Full stack trace compiled with run_eagerly=True may be provided if requested.
Thanks~
Sorry for the late reply. You have to use tfa.losses.SigmoidFocalCrossEntropy(reduction=tf.keras.losses.Reduction.AUTO) to reduce the loss to scalar. I'm not sure why we make it default to NONE. @AakashKumarNain Could you confirm that it's an issue or not?
We have a little bit of Doc here on the reductuion parameter: https://github.com/tensorflow/models/blob/master/official/vision/keras_cv/losses/focal_loss.py#L37
@WindQAQ Yes, that needs to be changed to AUTO and we need to make a few other changes as well. But I won't be able to fix it before next week.

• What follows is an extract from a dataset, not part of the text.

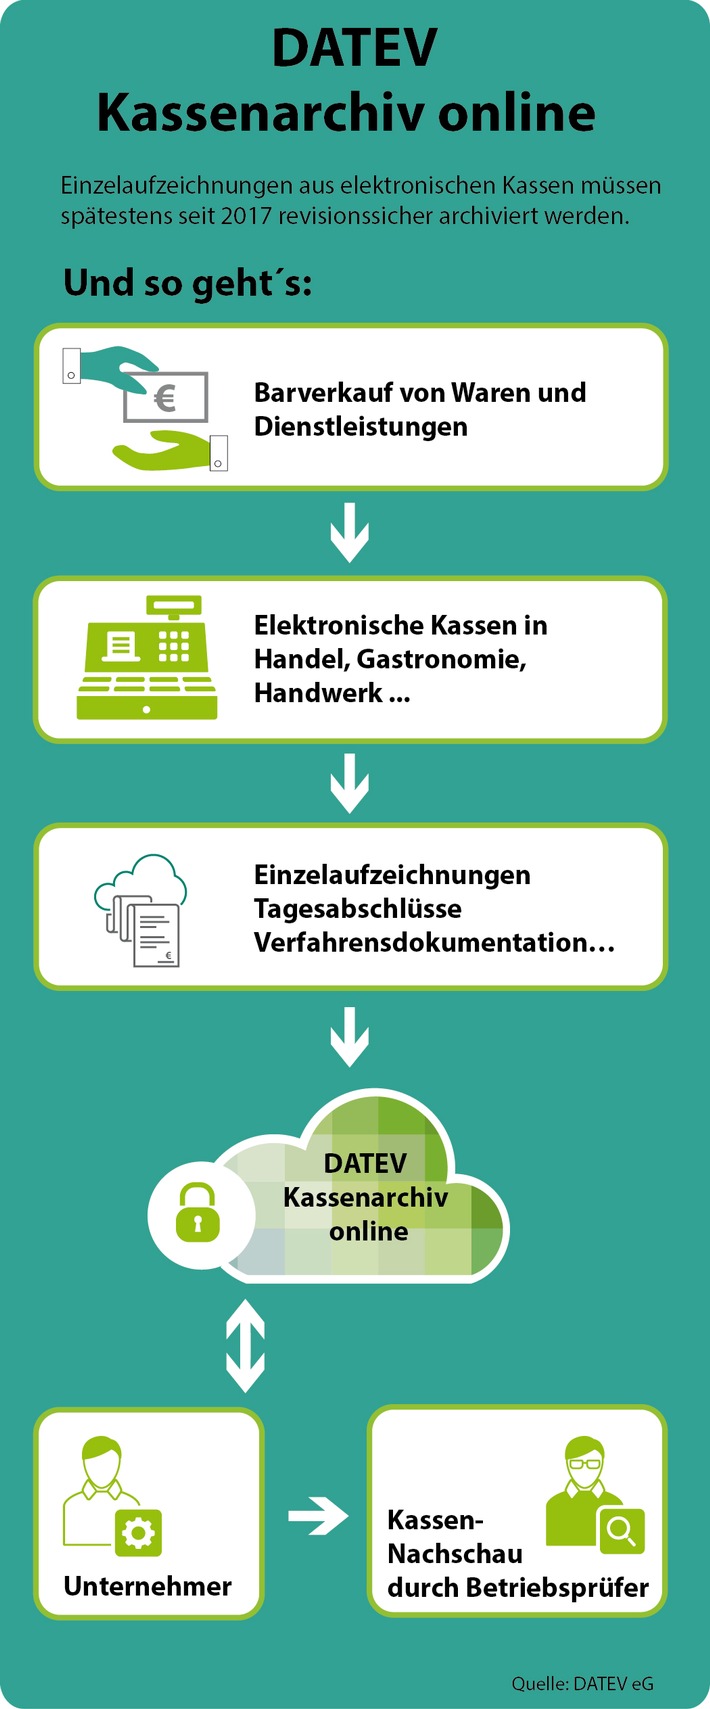 Grünes Licht für Datev Kassenarchiv online / Einfache Portallösung für bargeldintensive Branchen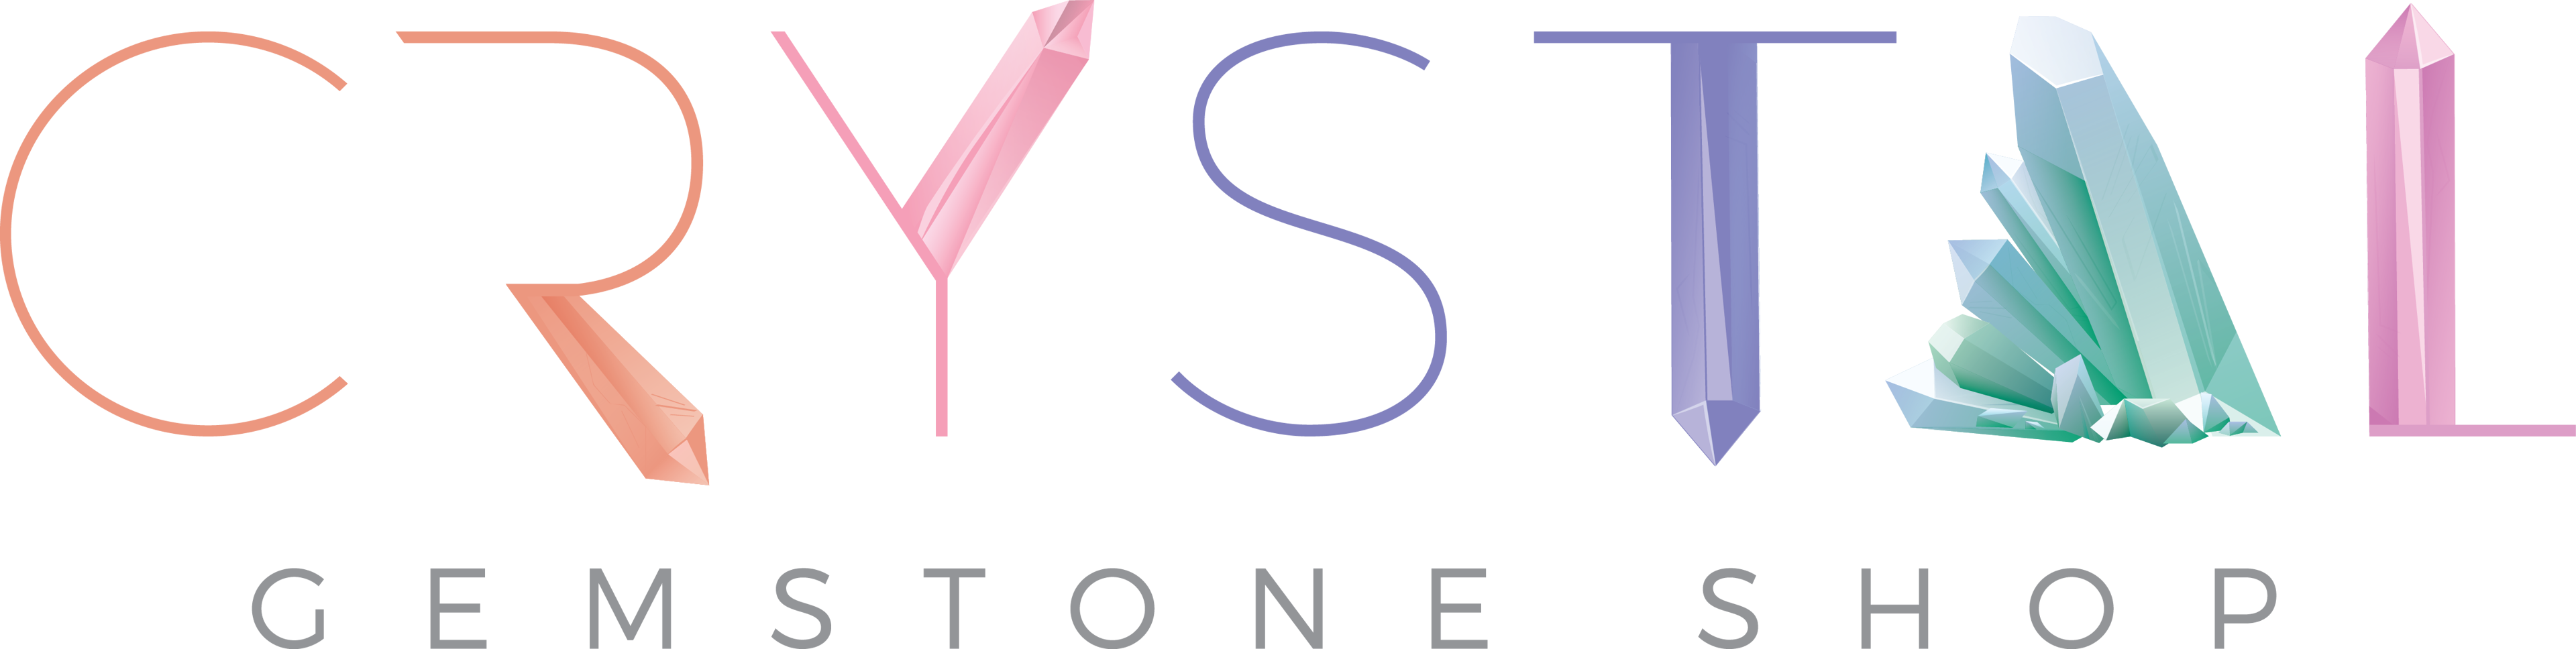 Crystal Gemstone Shop logo

I put this in the ecosystem review in the meantime cause I want to check how we want to handle this duplicated but not strictly aligned implementations.
Agreed
Sorry for the late reply. You have to use
tfa.losses.SigmoidFocalCrossEntropy(reduction=tf.keras.losses.Reduction.AUTO)to reduce the loss to scalar. I'm not sure why we make it default toNONE. @AakashKumarNain Could you confirm that it's an issue or not?
Thanks it works. QAQ
I am facing the same issue, however, using tfa.losses.SigmoidFocalCrossEntropy(reduction=tf.keras.losses.Reduction.AUTO) worked like a charm.
https://github.com/tensorflow/models/blob/master/official/vision/keras_cv/losses/focal_loss.py#L37
This link is not working. Can you please share the updated link?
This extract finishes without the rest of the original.